The recipe called for baking this bread in a loaf pan.
It baked up fine, and was very good, especially toasted.
I also baked two loaves in my Italian bread pan, at 450 using steam. This worked out well too.
Finally, since I had Honey Graham dough, I could not resist making Honey Graham Crackers.
I rolled the dough using my Joseph Joseph ROLL0100CB Adjustable Rolling Pin with 6 Removable Discs.
I really like this rolling pin for getting a uniform thickness of dough, which is especially important for things like crackers. The only problem is that the discs jump from 1/16" to 1/4". But I use a 1/8" thickness a lot for pizza and calzones and such. So I made a set of after market discs.
I used a cheap poly cutting board and a 2 1/4" hole saw. I drilled a 3/4" hole for the center, which is just a skosh big, but better that than too small. The resulting gap measures about 9/64", which is close enough for to 1/8" for my baking skills.
I rolled the crackers directly on parchment paper using the 1/16" discs, and docked them. Then I slid the whole thing in the oven (400 degrees) for about 8 minutes to get them to start to firm up. THEN I used a pizza cutter to cut them apart.
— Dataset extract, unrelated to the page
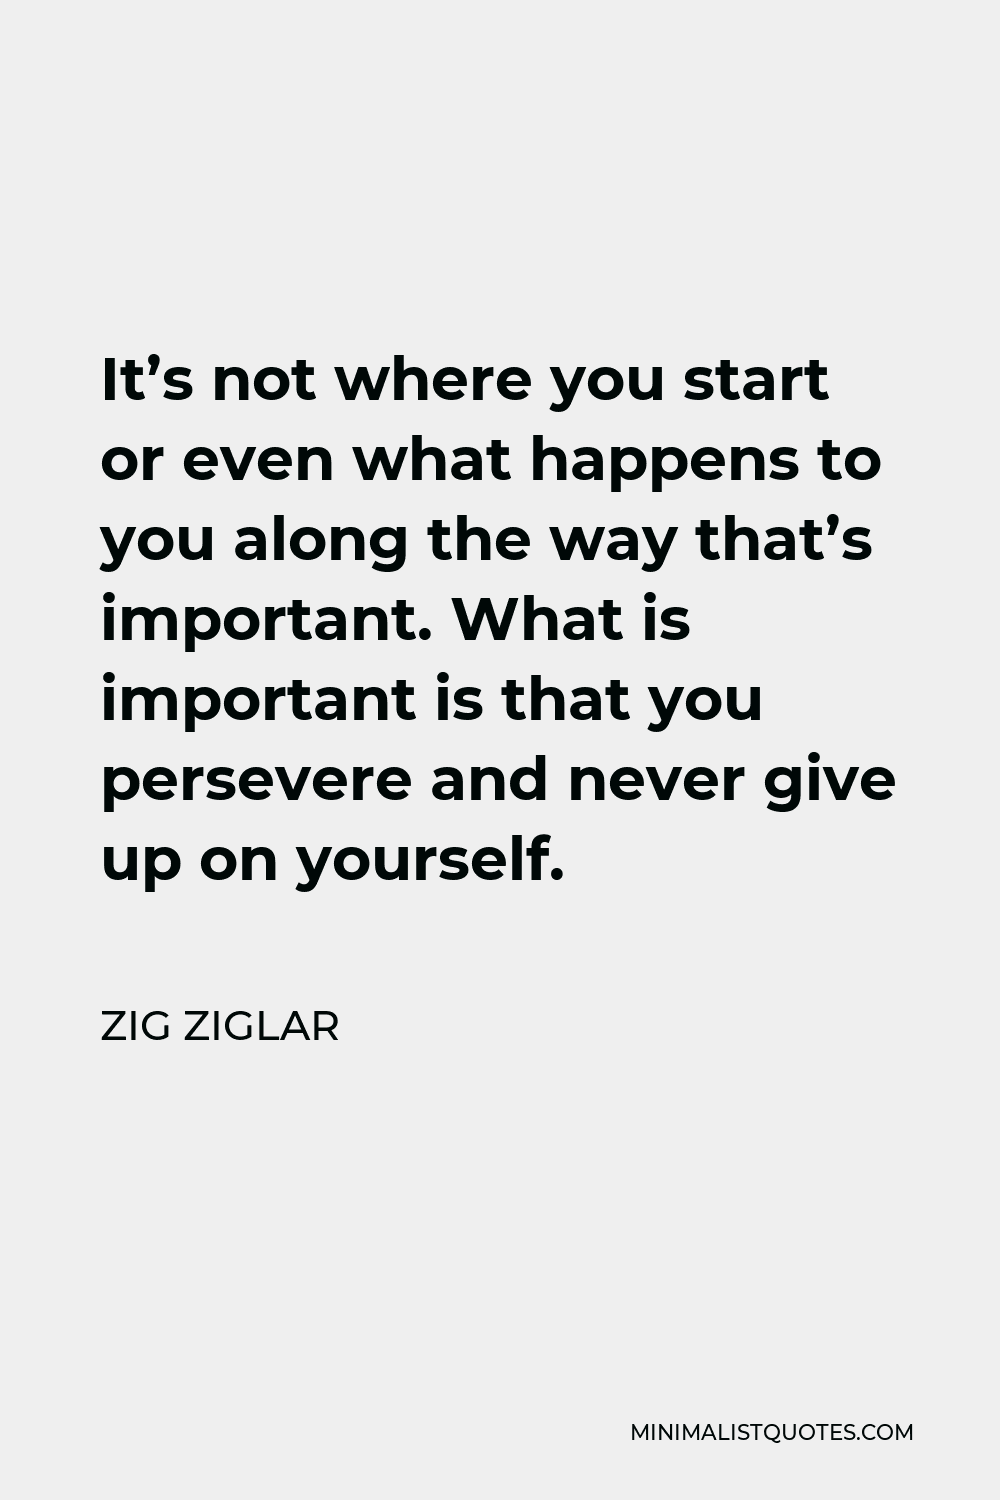 Zig Ziglar Quote - It’s not where you start or even what happens to you along the way that’s important. What is important is that you persevere and never give up on yourself.
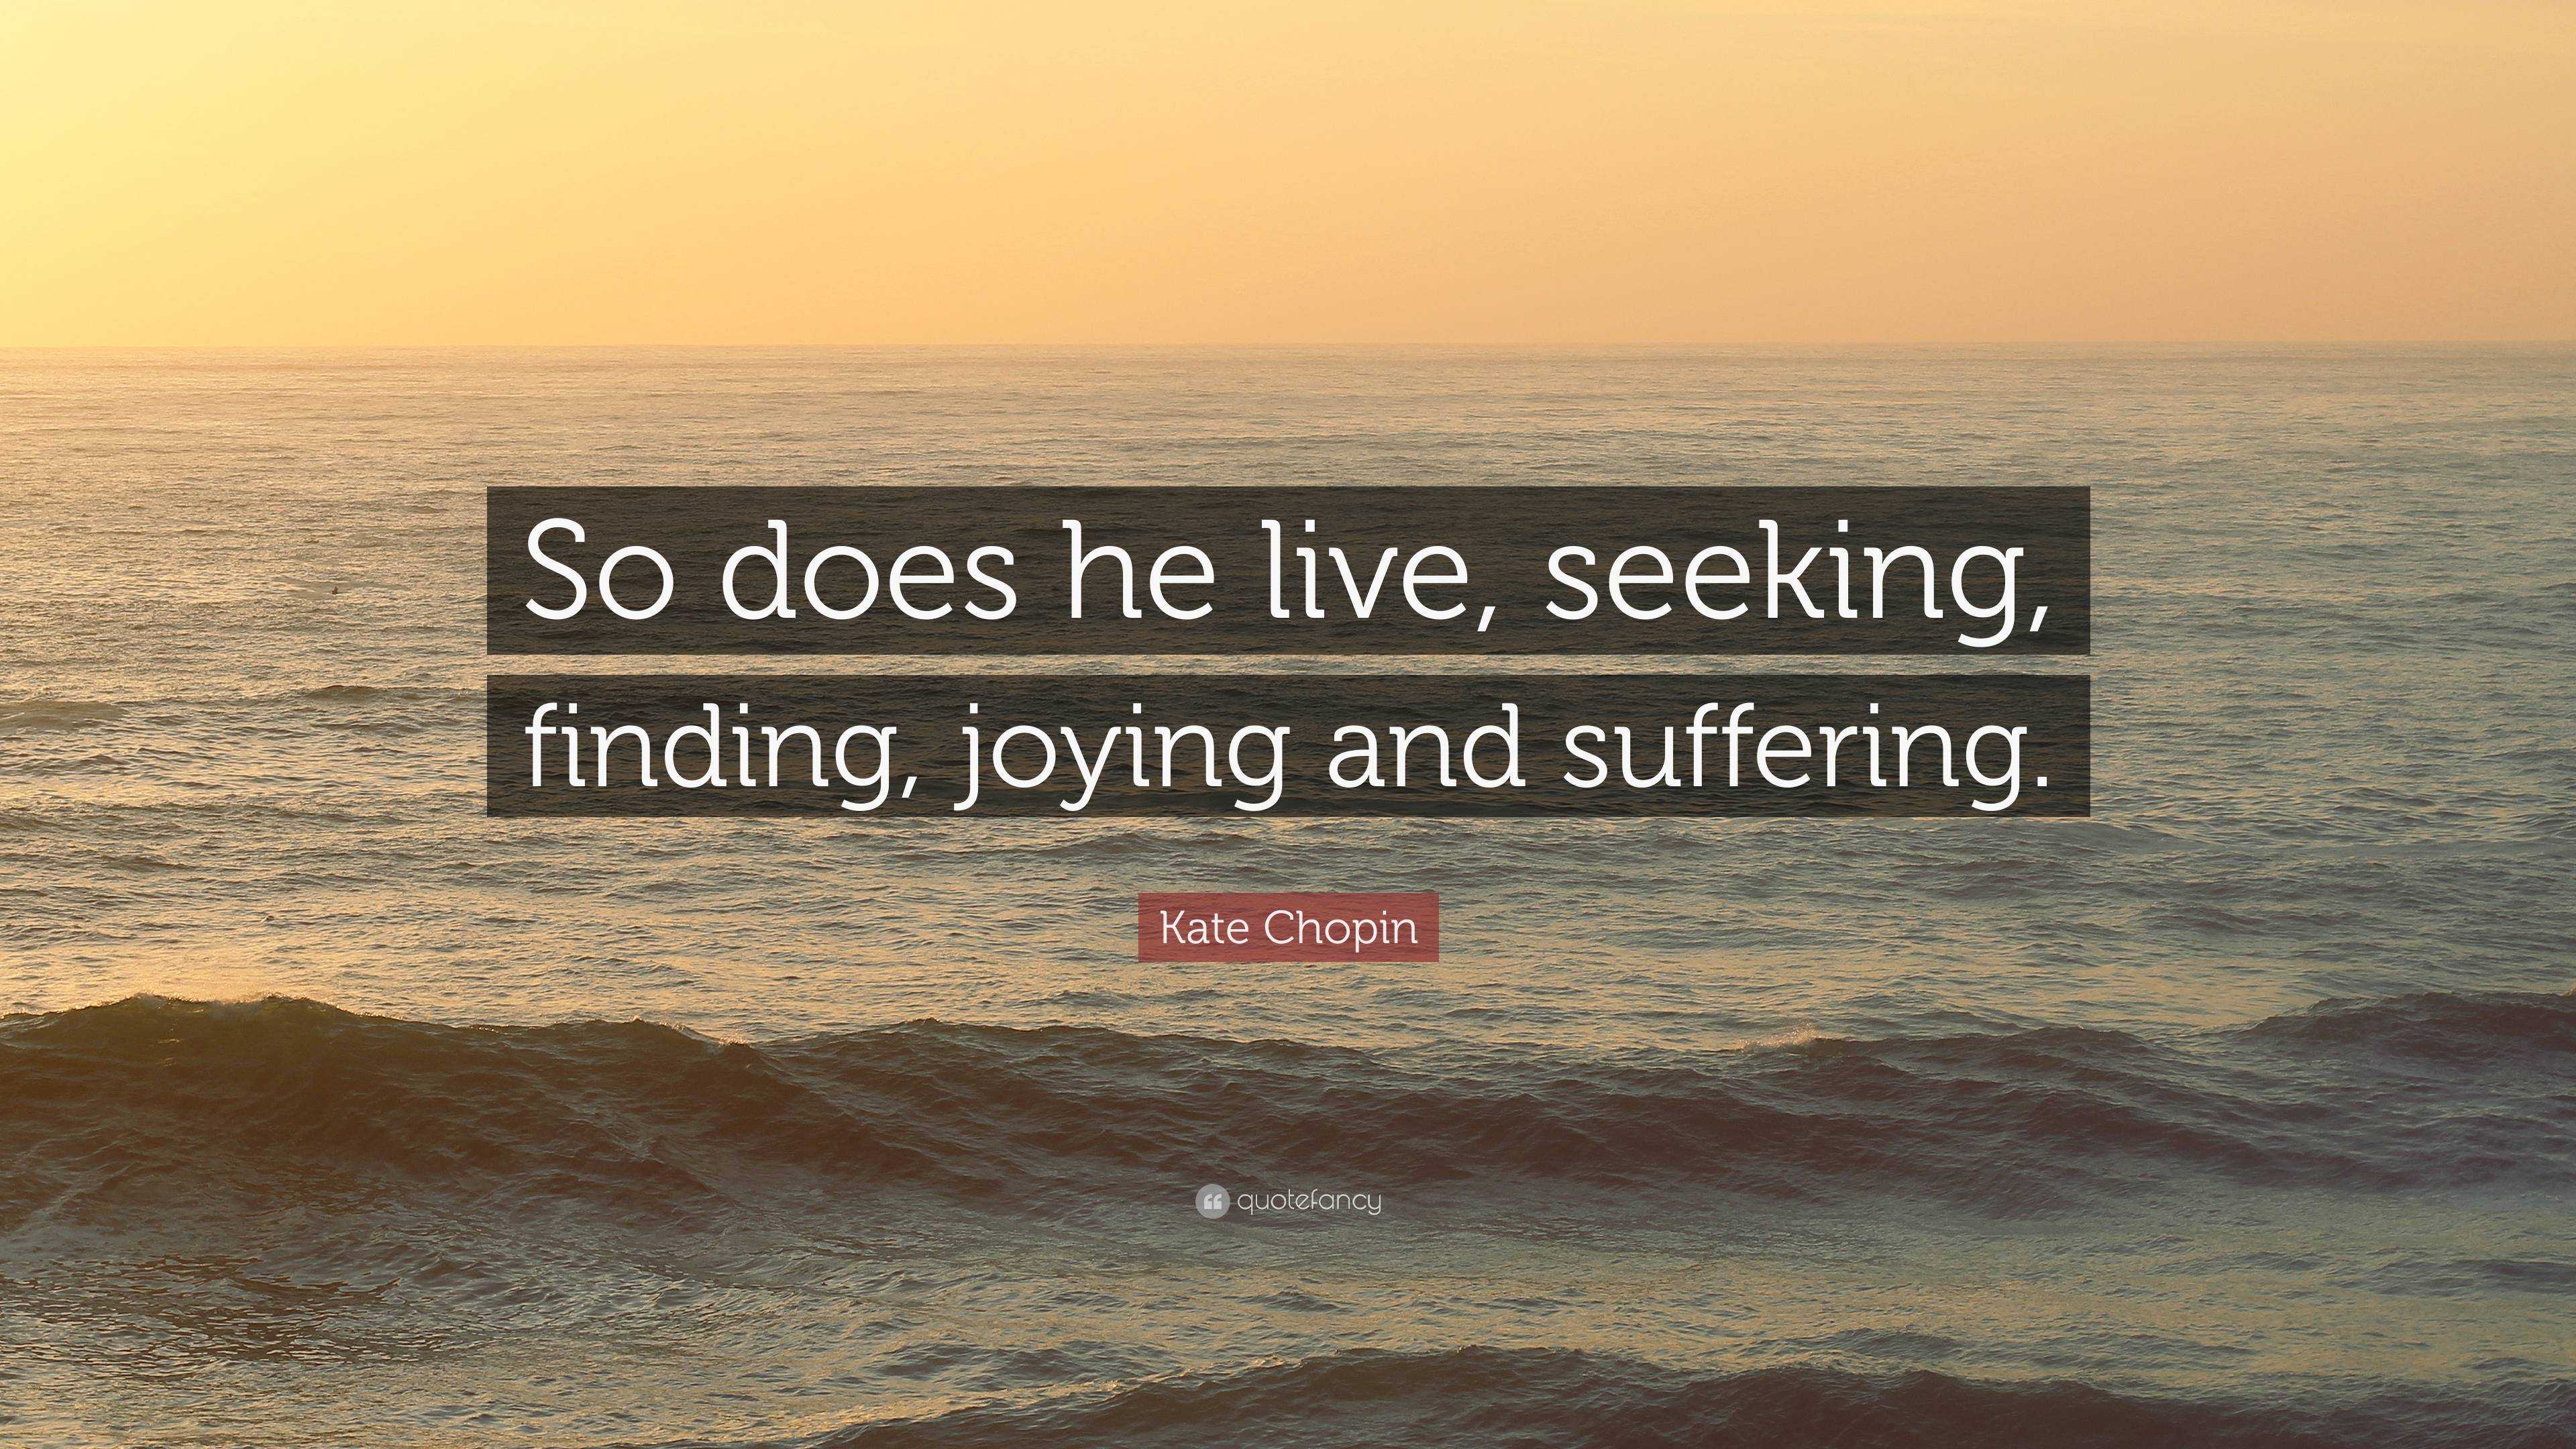 Kate Chopin Quote “So does he live, seeking, finding, joying and

And back in the oven until they were golden brown.
I took some of the edges out a bit earlier than the ones in the middle because they were browning a bit faster.
Now, I am not going to put Nabisco out of business, but the Honey Graham Crackers were pretty good too.
So that is is for this time.
The countdown continues, with 7 to go!
So that is is for this time.
The countdown continues, with 7 to go!